Redis Prefix Cache Invalidation¶
What it does: Invalidates hot subgraph cache entries in Redis when the underlying graph data changes.
Implementation:
1. Ingestion Service writes graph update to Neo4j
2. Publishes substrate.cache.invalidate event to NATS with affected node IDs and edge types
3. Cache Service subscribes, computes cache key patterns affected by the update, issues Redis DEL or TTL reset for matching keys
Cache key namespace: subgraph:{query_type}:{node_id}:{depth}. Cache invalidation is key-pattern based, not full-cache flush, to avoid thrashing the cache on every ingestion event.
Flyway Migrations (PostgreSQL)¶
Flyway manages all PostgreSQL schema evolution. Non-negotiable from day one.
Conventions:
- Migration files: migrations/postgres/V{version_number}__{description}.sql
- Versioning: sequential integers (V1, V2, ... not timestamps, to prevent merge conflicts)

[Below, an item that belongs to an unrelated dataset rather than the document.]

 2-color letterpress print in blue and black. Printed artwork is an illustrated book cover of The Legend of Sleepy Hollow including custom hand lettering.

- All migrations are forward-only (no rollback scripts)
- Breaking changes use a multi-step migration: (1) add new column, (2) backfill, (3) add constraint, (4) deprecate old column in a later version
Startup check: make migrate runs Flyway before any application service starts. If any migration fails, startup aborts with exit code 1 and logs the failing statement.

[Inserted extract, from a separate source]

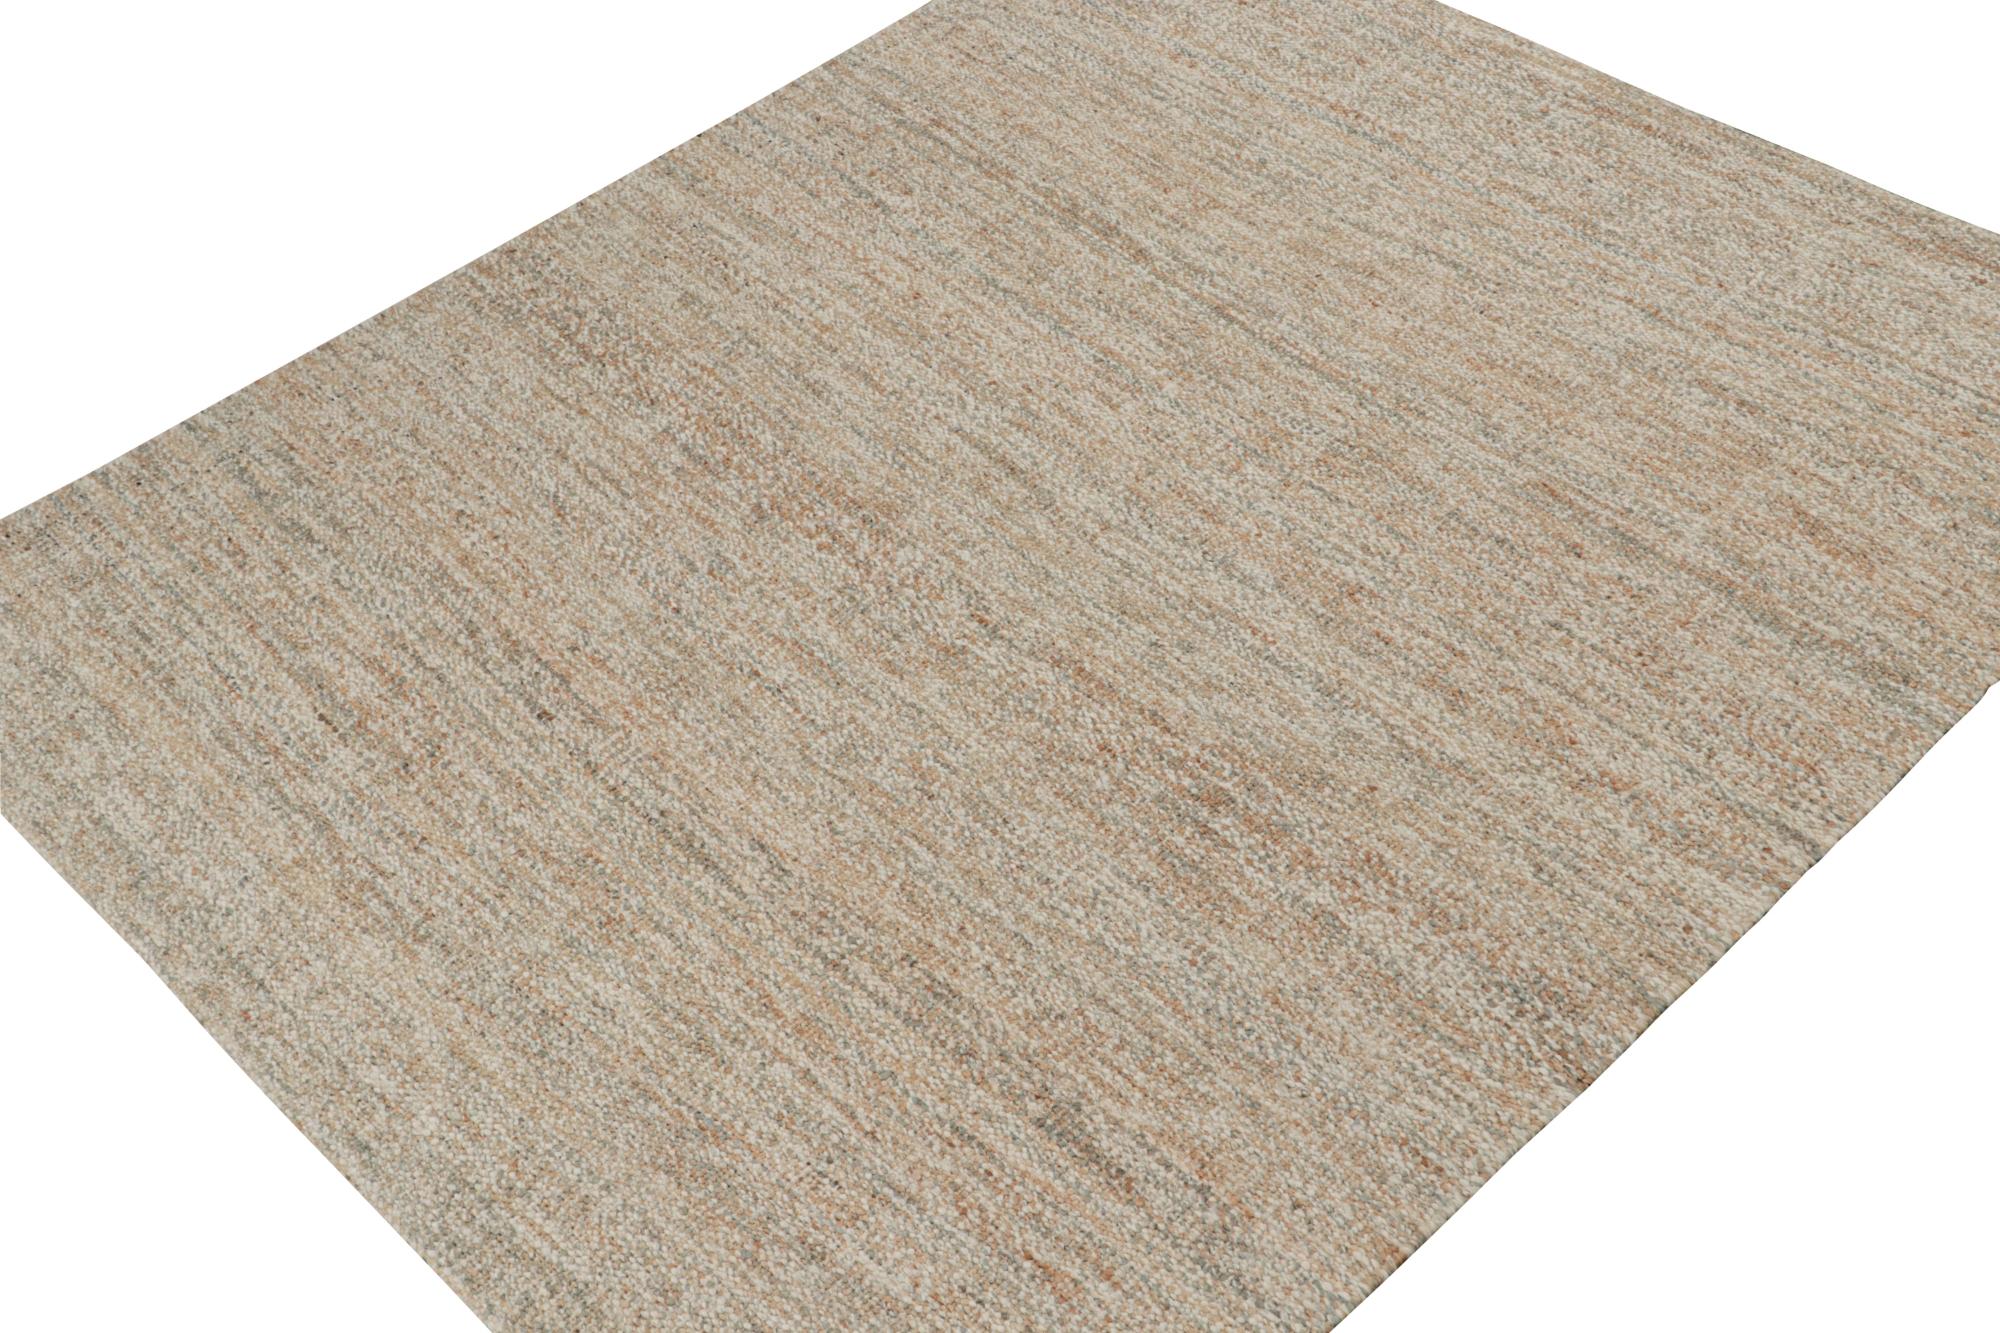 Indian Rug & Kilim’s Contemporary Jute Kilim in Beige-Brown For Sale

neo4j-migrations (Graph Schema)¶
neo4j-migrations manages Neo4j schema constraints and indexes.
Conventions:
- Migration files: migrations/neo4j/V{version_number}__{description}.cypher
- All constraint creation: CREATE CONSTRAINT IF NOT EXISTS FOR (n:NodeLabel) REQUIRE n.property IS UNIQUE
- All index creation: CREATE INDEX IF NOT EXISTS FOR (n:NodeLabel) ON (n.property)

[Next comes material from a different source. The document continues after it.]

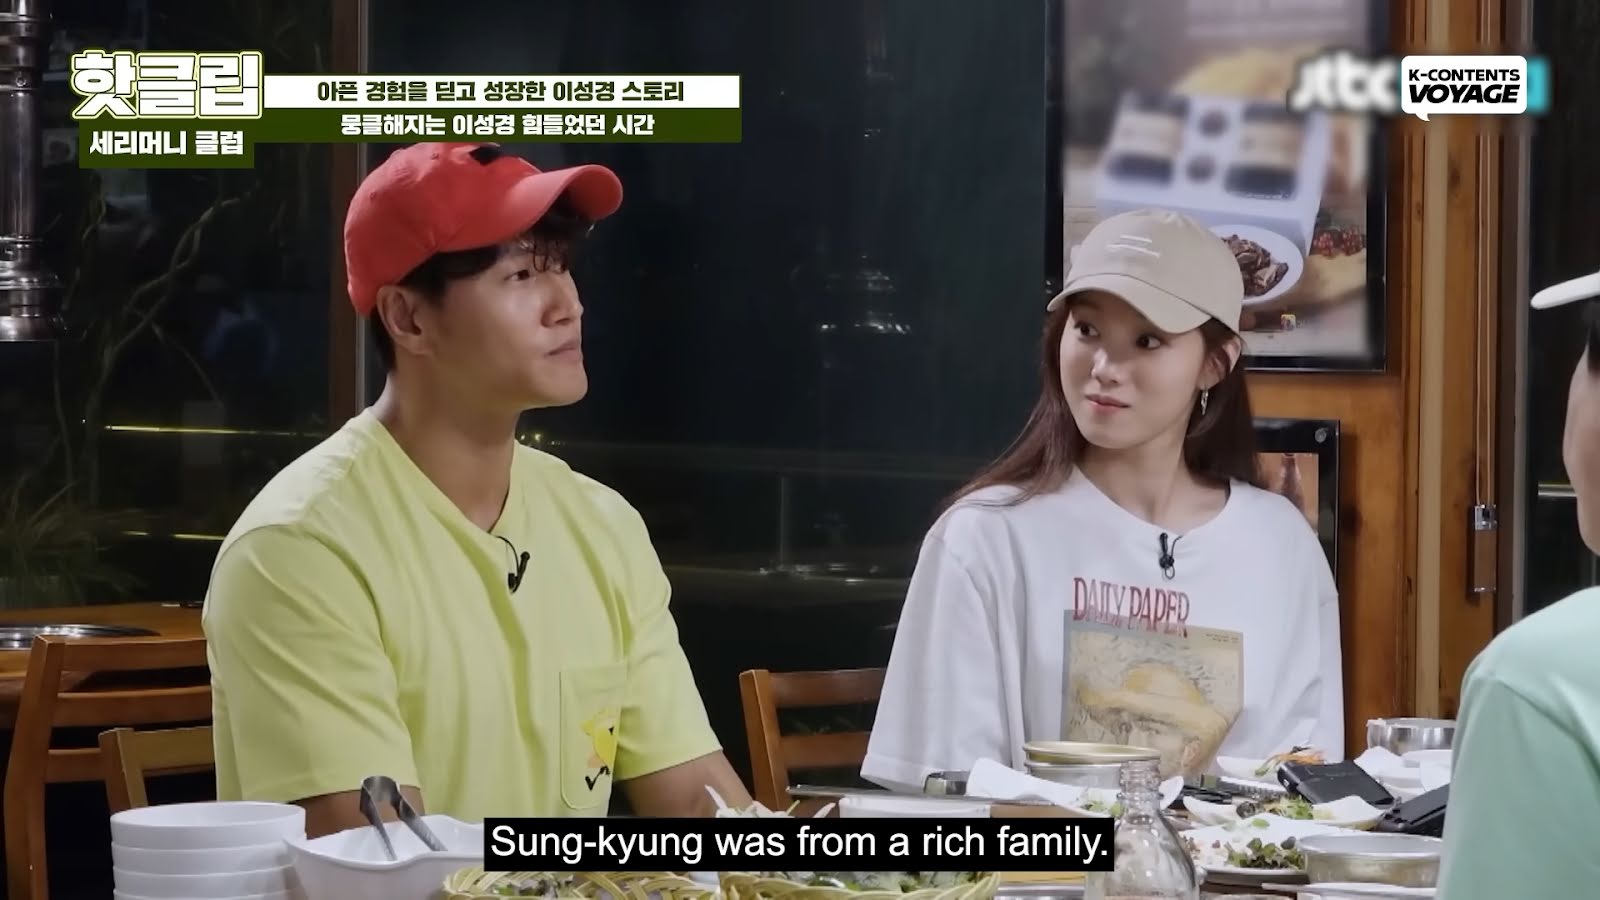 How did Lee Sungkyung succeed in a bankrupt family

- Label additions are additive; removals require explicit deprecation migration to avoid breaking existing queries
Critical indexes (must exist from day one):
CREATE INDEX service_name IF NOT EXISTS FOR (s:Service) ON (s.name);
CREATE INDEX service_domain IF NOT EXISTS FOR (s:Service) ON (s.domain);
CREATE INDEX developer_keycloak IF NOT EXISTS FOR (d:Developer) ON (d.keycloak_id);
CREATE INDEX decision_source IF NOT EXISTS FOR (d:DecisionNode) ON (d.source_url);
NATS JetStream Stream Replay¶
What it does: Provides at-least-once event delivery with replay capability for event-sourced graph rebuilds.
Stream configuration:
| Stream Name | Subject Filter | Retention | Consumers |
|---|---|---|---|
INGESTION |
substrate.ingestion.> |
7 days | Ingestion Service workers |
GOVERNANCE |
substrate.governance.> |
7 days | Governance Service workers |
IDENTITY |
substrate.identity.> |
30 days | Graph mutation workers |
AUDIT |
substrate.audit.> |
90 days | Audit log writer + SIEM export |
CACHE |
substrate.cache.> |
1 hour | Cache invalidation workers |
Replay semantics: If the Ingestion Service crashes mid-parse, the unacknowledged message is replayed after the ackWait timeout (default: 30 seconds). The worker re-processes the event idempotently — all graph writes use MERGE rather than CREATE to prevent duplicate nodes on replay.
Idempotency requirement: Every NATS consumer must be idempotent. Graph writes use MERGE (n:Service {name: $name}) ON CREATE SET n += $props ON MATCH SET n.last_updated = timestamp(). This ensures that replaying an event twice produces the same result as processing it once.